Автор книги: Олег Хафизов
Жанр:
Современная проза
сообщить о нарушении
Текущая страница: 5 (всего у книги 6 страниц)
АГОНИЯ
Мой друг сказал мне незадолго до смерти: “Я совсем ничего не помню. Даже не помню, как первый раз ебал жену”. Ему было тридцать пять лет, как Хафизову сейчас, и с тех пор я воспринимаю такую амнезию как знак отмирания, отплывания, отъединения.
Хафизов как раз неплохо помнил первую встречу с первой женой, помнил последнюю ночь с этой, уже ненужной женщиной, но последнего своего дня со второй женой, последней ночи, последнего разговора…
Судьба словно подкралась сзади и ударила его палкой по голове. А последнее событие в памяти относится к нескольким минутам до удара.
Елена казалась все вульгарнее, все мельче с ее благородными рассуждениями о себе, и тема совместного проживания становилась все навязчивее. Чем упорнее она доказывала, что она не такая и на самом деле может быть идеальной женой, тем очевиднее становилось, что именно такая, а по некоторым признакам и хуже предыдущих. Под постоянным наблюдением ее красота несколько облупилась, хотя телесная тяга от привычки только росла. Семья Хафизова, очевидно, закончилась, но переходить надо было не из одной клетки в другую, а на простор, на свежий ветер.
Учуяв такое дело, Елена выбрала самое надежное оружие, ревность, которая вскользь задела цель, отлетела рикошетом обратно и угробила эту непереносимую любовь в целом, к общему удовольствию заинтересованных сторон.
В ходе любовных встреч, которые сводились к хождениям по знакомым в поисках койки, выяснилось, что Елена живет неподалеку от Аньки, и, как ни противно было видеть дружелюбную харю предполагаемого любовника своей жены, более подходящего места для безопасных случек, увы, не было. Это было настолько удобно, настолько рядом, что, в конце концов, Елена сделалась чем-то вроде Анькиной подруги и зачастила в этот дом, всегда полный похотливой молодежи.

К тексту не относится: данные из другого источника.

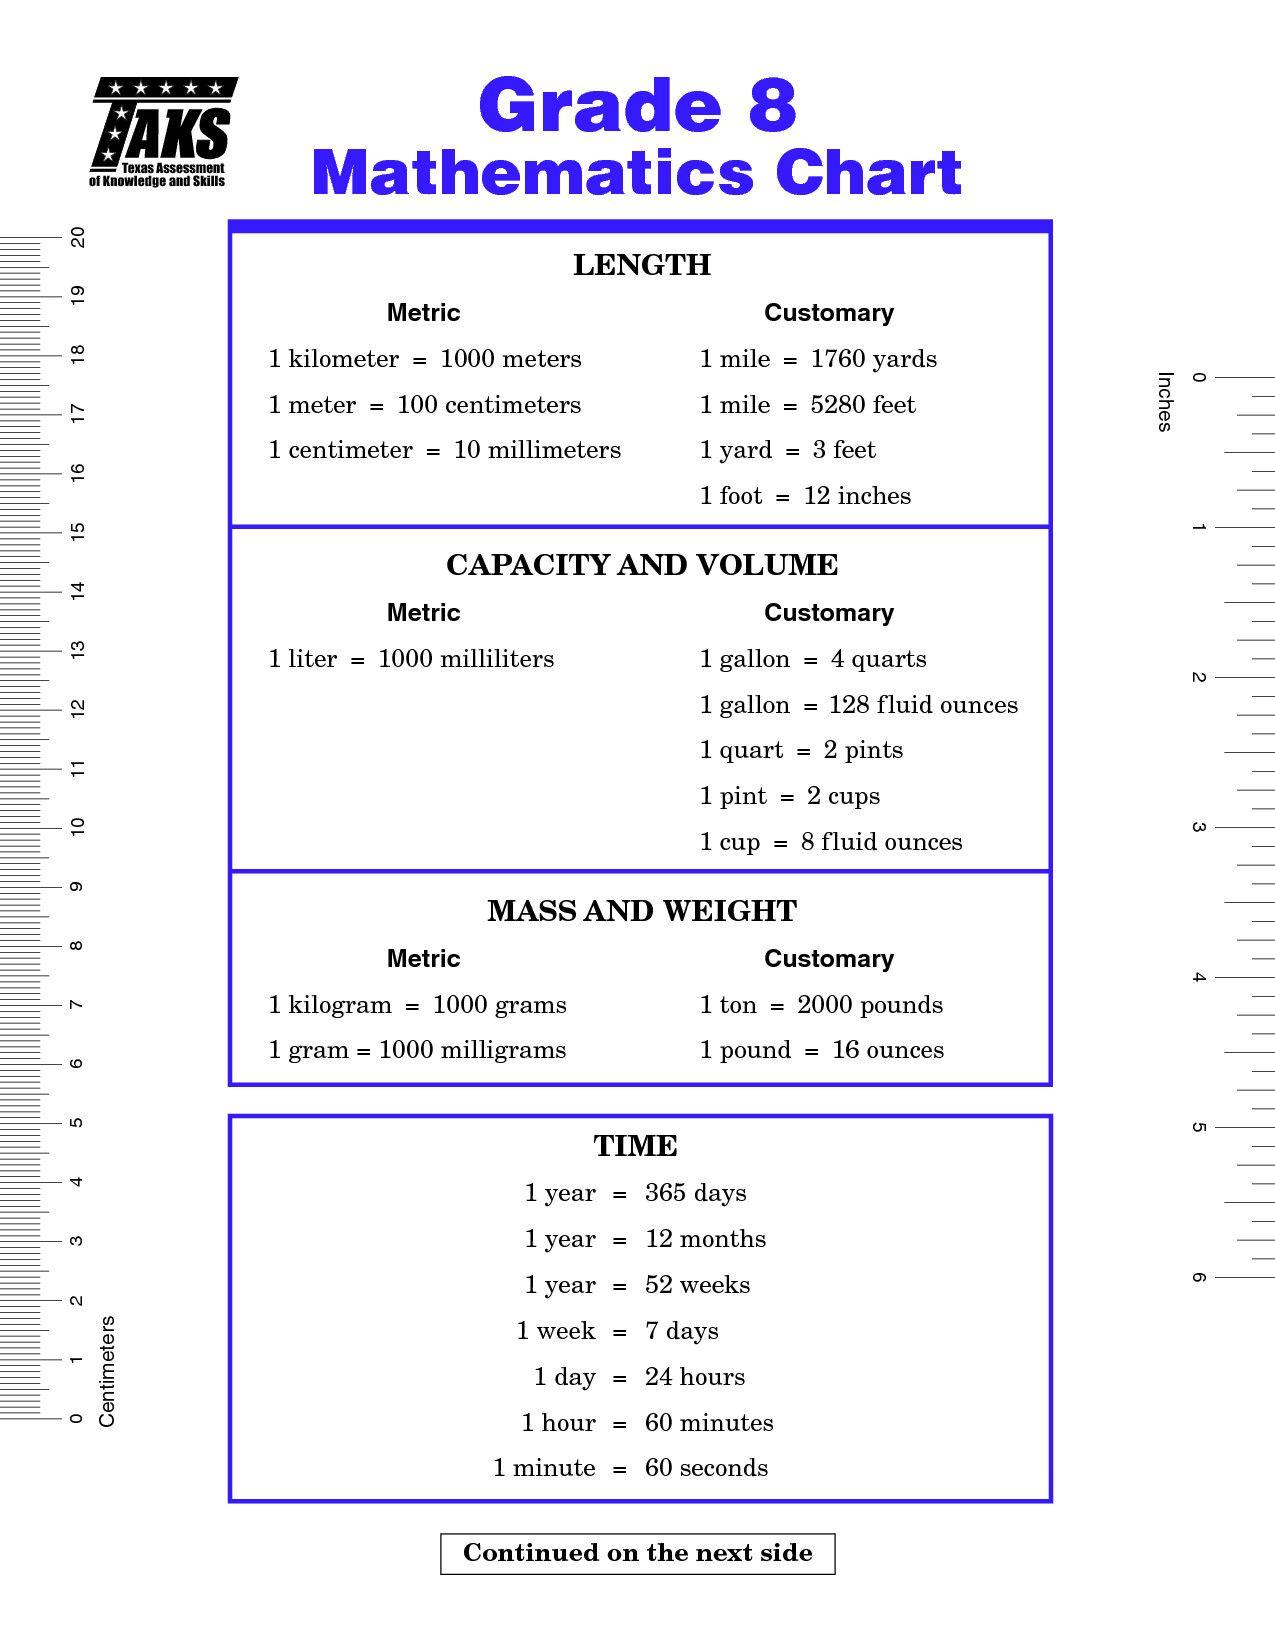 medium resolution of 5 Free Math Worksheets Second Grade 2 Measurement Metric Units Mass Kg Gm 8  8th g…   2nd grade math worksheets

Однажды у Аньки набралось довольно много всякого полутворческого люда. Водку пили на кухне – кто за столом, кто на полу, кто на подоконнике, кто на коленях чужого мужа. Не успел Хафизов закусить, как сзади на него навалилась бойкая, рыжая, яркая сибирская девка, она занавесила его своими пышными волосами и стала целовать большим, мокрым, бесстыжим ртом. К сожалению, ничего путного с Сибирячкой не вышло, их заигрывания сошли на нет, но ревнивая Елена взбесилась и демонстративно удалилась в соседнюю комнату с афганским чернобыльцем
Петей, о котором раньше говорила, что прикоснуться к такому идиоту противно (и я просто не представляю себе, как твоя жена может с ним спать). Они находились за стеной достаточно долго, а когда Елена, наконец, явилась, – Хафизов только и ждал этого, чтобы не уйти зазря, – он попрощался со своей подругой по двойному несчастью, вечно траурной Анькой, и отправился домой, не удостоив любовницу прощанием, несмотря на виноватый вид.
Этот хороший поступок дался Хафизову не так легко, как хотелось бы. Часов до трех ночи в голове змеились бесконечно расширяющиеся хороводы мыслей о том, чем она может заниматься в его отсутствие, и бесполезно было увещевать, перекрикивать их мудрыми доводами, что, мол, все равно ты решил ее бросать и тебе должно быть все равно, чем, где и когда она будет заниматься в этой и последующих жизнях, – скорее это забота ее мужа, которому, он возвращает ее из проката. И тут незадачливый Стаутман, как ни странно, пришел на помощь его истерзанному мозгу. Он помог соорудить шаткую, но годную на худой конец гипотезу насчет того, что Елена не посмеет остаться у Аньки на ночь, убоявшись мужа своего.
Однако с первыми проблесками сознания чертова любовь стала припекать с новой силой, и Хафизов, ругая себя и свои торопливые ноги, срывающиеся на бег, раньше чем свет бросился к Аньке.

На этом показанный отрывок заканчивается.